8.14.3 Density plots

To create a smooth density, we use the geom_density. To make a smooth density plot with the data previously shown as a histogram we can use this code:

heights |> 
  filter(sex == "Female") |>
  ggplot(aes(height)) +
  geom_density(fill = "blue")

Note that we use the optional argument fill to change the color. To change the smoothness of the density, we use the adjust argument to multiply the default value by that adjust. For example, if we want the bandwidth to be twice as big we use:

heights |> 
  filter(sex == "Female") |>
  ggplot(aes(height)) +
  geom_density(fill="blue", adjust = 2)

8.14.4 Boxplots

The geometry for boxplot is geom_boxplot. As discussed, boxplots are useful for comparing distributions. For example, below are the previously shown heights for women, but compared to men. For this geometry, we need arguments x as the categories, and y as the values.

heights |> ggplot(aes(sex, height)) +
  geom_boxplot()

8.14.5 Images

Images were not needed for the concepts described in this chapter, but we will use images in Section 10.9, so we introduce the two geometries used to plot images: geom_tile and geom_raster. They behave similarly; to see how they differ, please consult the help file. To create an image in ggplot2 we need a data frame with the x and y coordinates as well as the values associated with each of these. Here is a data frame.

x <- expand.grid(x = 1:12, y = 1:10) |> mutate(z = 1:120)

Note that this is the tidy version of a matrix, matrix(1:120, 12, 10). To plot the image we use the following code:

x |> ggplot(aes(x, y, fill = z)) + geom_raster()

With these images you will often want to change the color scale.
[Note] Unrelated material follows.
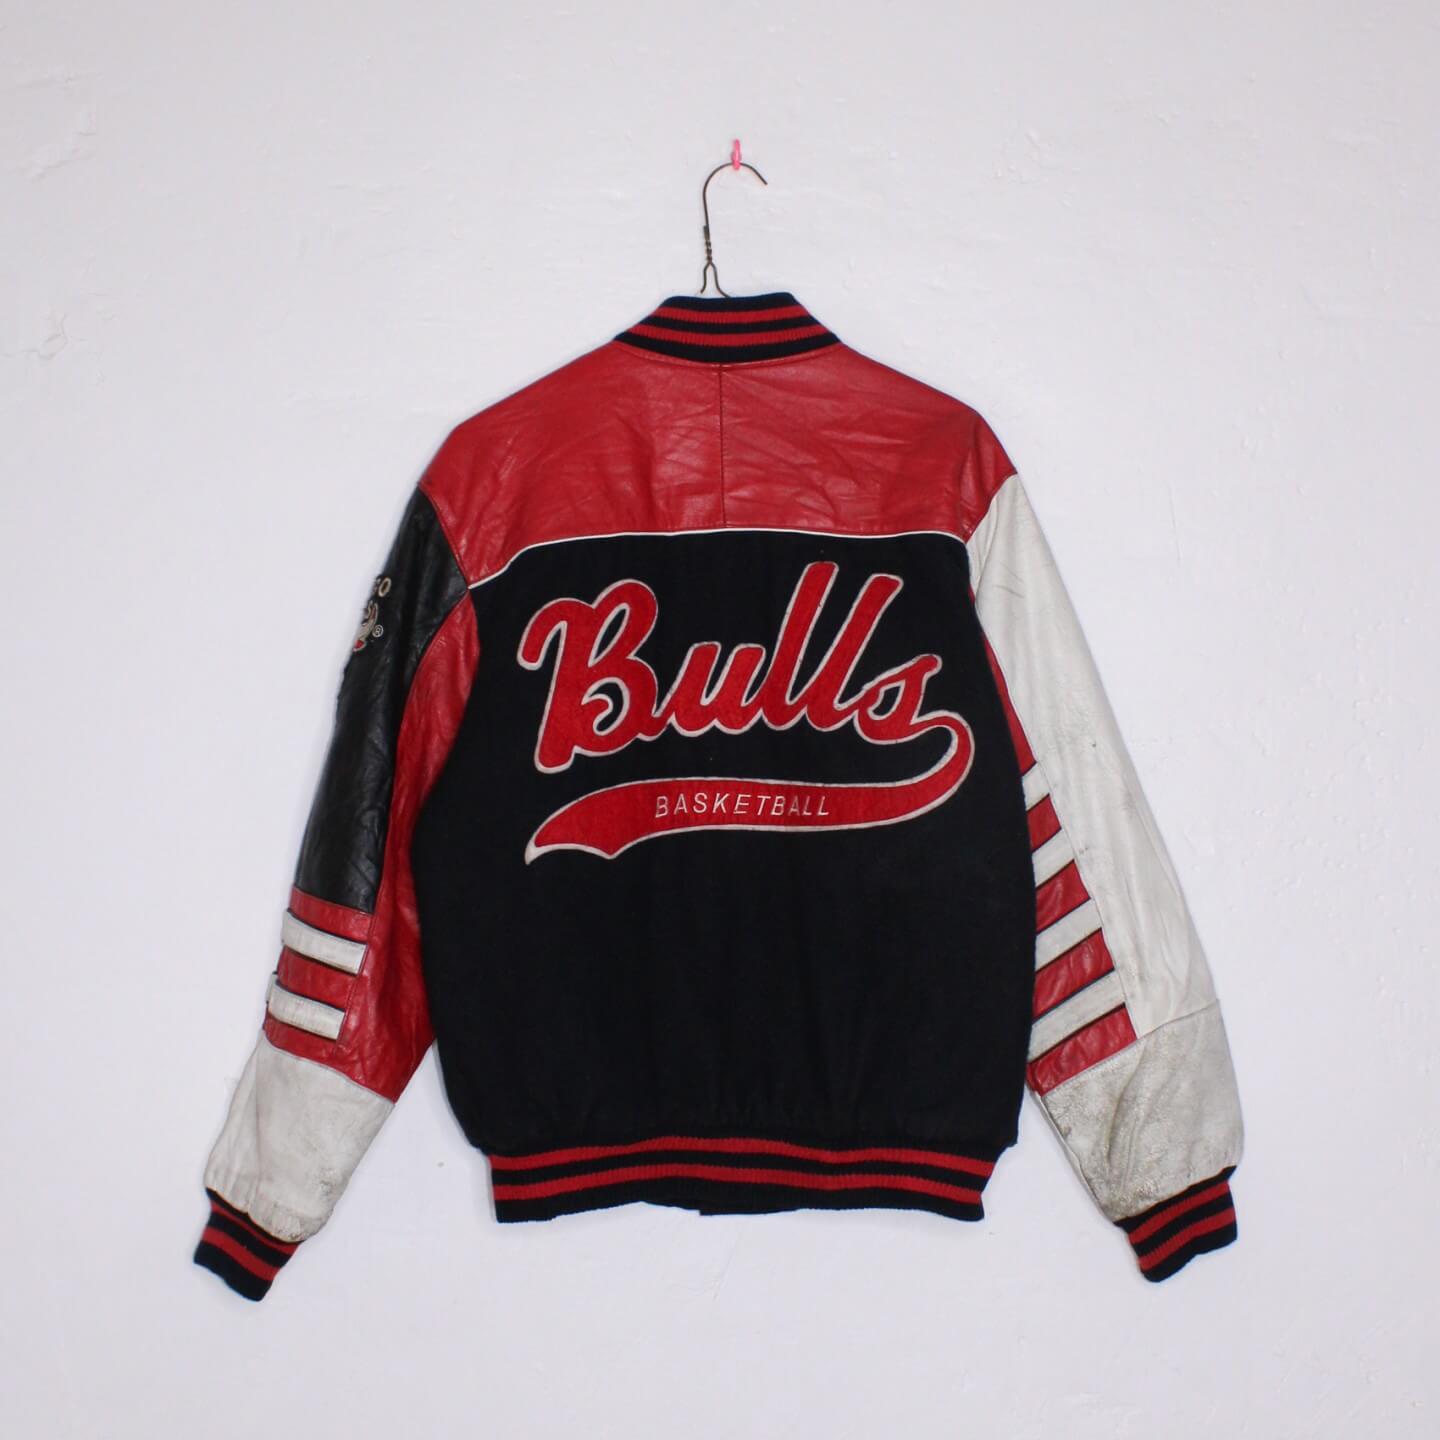 Vintage NBA Chicago Bulls Black, White and Red Jacket Size Small

This can be done through the scale_fill_gradientn layer.

x |> ggplot(aes(x, y, fill = z)) + 
  geom_raster() + 
  scale_fill_gradientn(colors =  terrain.colors(10, 1))

8.15 Grids of plots

There are often reasons to graph plots next to each other. The gridExtra package permits us to do that. Here are the graphs p5 and p6 created in the previous sections:

library(gridExtra)
grid.arrange(p5, p6, ncol = 2)

8.16 Exercises

Start by loading the dplyr and ggplot2 library as well as the murders and heights data.

library(dplyr)
library(ggplot2)
library(dslabs)

1. With ggplot2, plots can be saved as objects. For example we can associate a dataset with a plot object like this

p <- ggplot(data = murders)

Because data is the first argument we don’t need to spell it out

p <- ggplot(murders)

and we can also use the pipe:

p <- murders |> ggplot()

What is class of the object p?

2. Remember that to print an object you can use the command print or simply type the object. Print the object p defined in exercise one and describe what you see.

Nothing happens.
A blank slate plot.
A scatterplot.
A histogram.

3. Using the pipe |>, create an object p but this time associated with the heights dataset instead of the murders dataset.

4. What is the class of the object p you have just created?

5. Now we are going to add a layer and the corresponding aesthetic mappings. For the murders data we plotted total murders versus population sizes. Explore the murders data frame to remind yourself what are the names for these two variables and select the correct answer. Hint: Look at ?murders.

state and abb.
total_murders and population_size.
total and population.
murders and size.

6. To create the scatterplot we add a layer with geom_point. The aesthetic mappings require us to define the x-axis and y-axis variables, respectively. So the code looks like this:

murders |> ggplot(aes(x = , y = )) +
  geom_point()

except we have to define the two variables x and y. Fill this out with the correct variable names.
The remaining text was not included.